Sunday, September 16, 2012

Super Moms!

I have been thinking a lot about a subject that worries a lot of us moms I'm sure. Probably the Stay-at-Home -moms more, but we women have a history of comparing ourselves to others, and wondering if we really measure up. But my question is, to what? There is always someone who does more, weighs less, has more patience, or a more organized home, juggles better, cooks healthier, manages time or money better.... so what are we really comparing?
In our old ward I often heard the phrase "you are like a Super Mom!" (I'm not bragging, just saying), to which I would laugh and think "YEAH RIGHT! If you only knew". In my eyes I was flailing about, just barely keeping my head above water, all the while watching other calm and collected moms handling (a much busier) life in a way that practically made my jaw drop. I watched moms juggle teenagers, husbands with demanding callings (not to mention anything about their own 2-5 callings which they held) toddlers, house work, sports, crafts, book club, and even major health difficulties, and they still found time to volunteer at their kids school twice a week. But when I would comment (or should I say compliment) them on the way they handled everything in stride they would often laugh out loud and say, "PLEASE!"
So as I (a so-called "Super Mom") compared myself to these "Super Moms", I found that we all have a lot in common and started feeling a little better about myself, realizing that if they too felt far from being the ideal "Super Mom", then maybe the real secret isn't too far off. Maybe, just maybe we are all "Super Moms" in our own way. 
We may not all have a spotless house, and clean-faced kids, but maybe we are good at reading our kids a bedtime story and snuggling with them at bed time. 
Maybe dinner isn't always home-baked and on the table at 5:30 sharp, but maybe we do take the time to volunteer in the classroom, or on the soccer field.
The laundry may only get done once a week, dishes once a day (if we are lucky), and date nights might be spent watching netflix while we try to mend clothes, or catch up on bills, but if that's what we sacrifice so we can help our kids with their homework, clean up the yard, or help someone in need, then so be it. No one said being a "Super Mom" was easy, maybe it is just the way we make it look easy that is key. Being a parent is difficult, time consuming, stressful and emotional, but yet we still do it, knowing that we are making a difference in someone's life. It is the things that we are doing as parents that can't be done by anyone else, and when our days fill up with all the little stuff that can consume us in a second or less, it is easy to lose sight of what is really important. But it usually doesn't take much to help us remember.... just a little "I love you Mom!" or even just their laughter can throw everything back into perspective. So whether our strength is in handling it all, or juggling just a few of the things that life throws at us, just remember that in someone's eyes, we really are a "Super Mom". Because without them, we wouldn't even be a mom... forget the super part.
So the next time someone compliments us on the way we handle something, or calls us a "Super Mom", we can smile and say thanks, because we, of all people deserve to feel good about the job we do. 
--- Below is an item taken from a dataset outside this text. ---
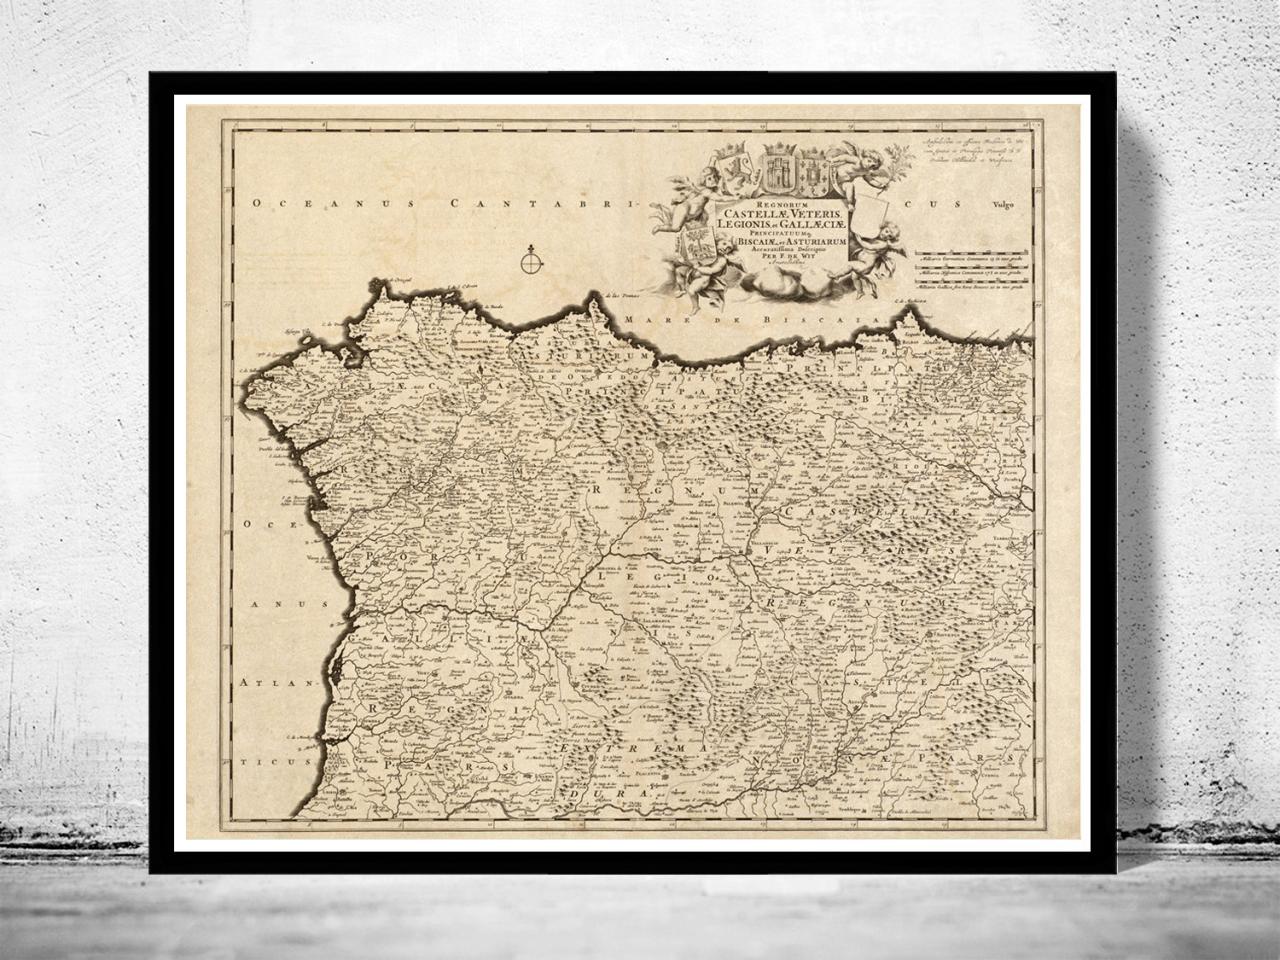 Old Map Of Galicia Coruña Corunya 1780 Spain
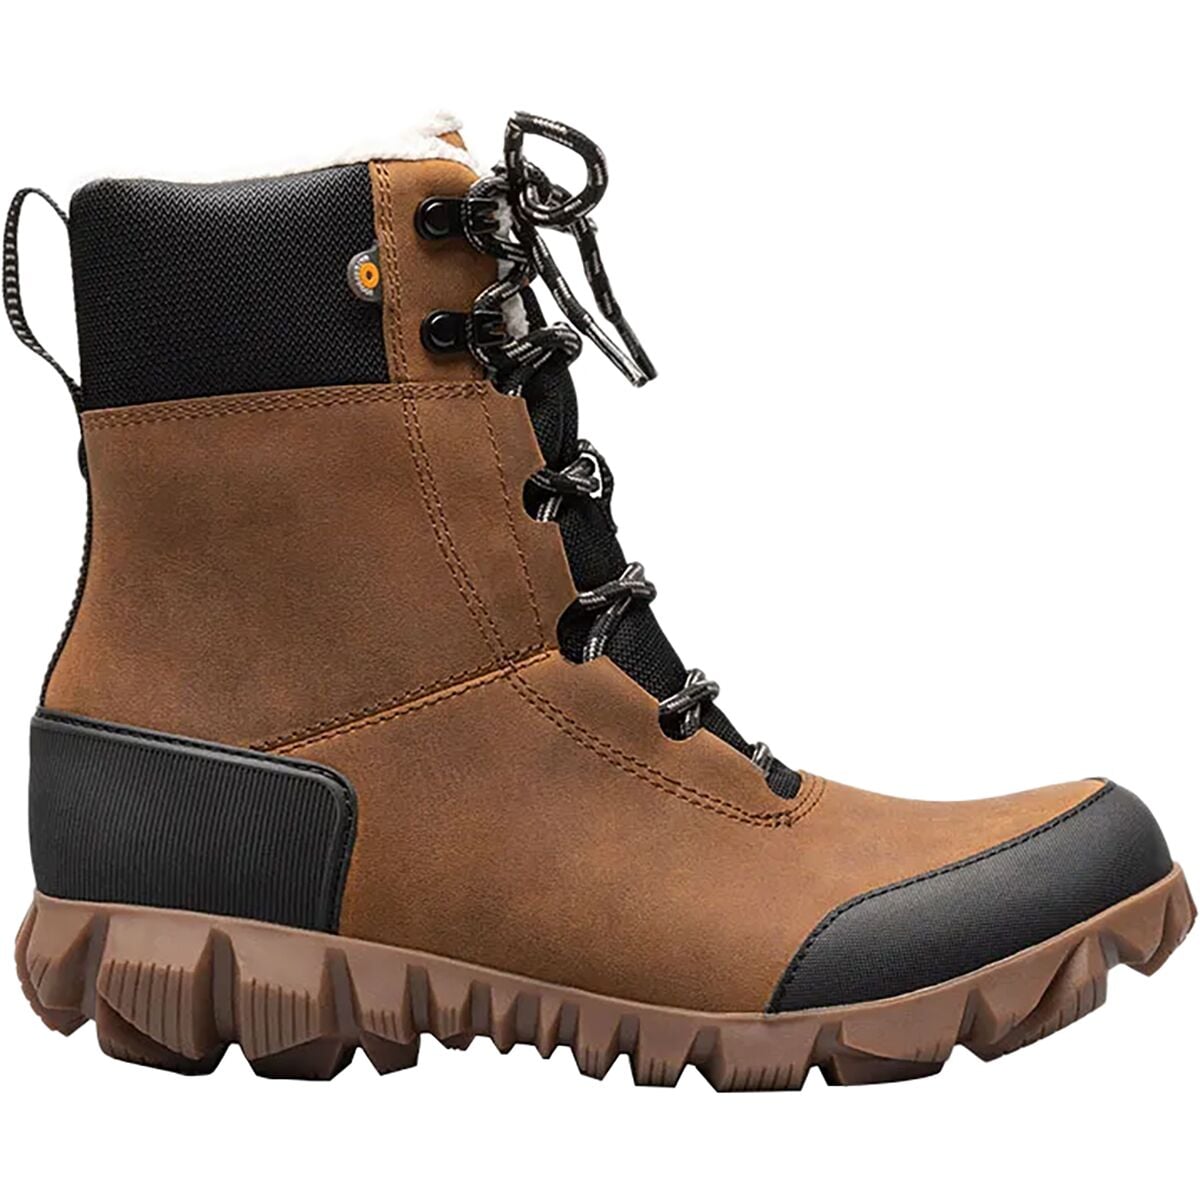 Bogs Arcata Urban Leather Tall Boot - Women's

Monday, September 10, 2012

Kindergarten

 Jarom has officially introduced me into a new phase of life. The School Phase. The phase filled with backpacks, books, homework, adventures and fun. As we were driving to school the first day Jarom told me, "my tummy feels funny, but I'm REALLY excited about school." I asked him if he was nervous and after a moment of thought he replied, "I don't know what that feels like, but I'm probably a little nervous.... and excited."
The truth is, after 3 weeks of school he still LOVES it! He is learning so much and has so much fun telling me everything that he does. I wish I could be a fly on the wall and watch him at school. Maybe it is because I worry about him and everything that I can no longer protect him from. I feel like I'm losing control of everything that I once believed I had control over; knowing that what he learns at home is no longer everything he learns, and that there are 17 1/2 hours every week that he is learning without me.
I love this kid! And I love how he has changed my life, over and over and over again.


Camping

We decided to go camping Friday afternoon since Thayne had a few days off between work and hunting. Sadly by the time we actually were ready to head off to a campsite it was 7:00 p.m. So we decided to go somewhere close.... as it really close... as in Beaver Dick Park close. But we discovered that camping is fun, whether it is a mile from home, or a hundred miles from home. 


 The kids had fun fishing with their dad when we woke up.
 Thayne even caught a small fish, and let Taysia help him reel it in. 

 It was a beautiful morning, and a fun way to spend the weekend.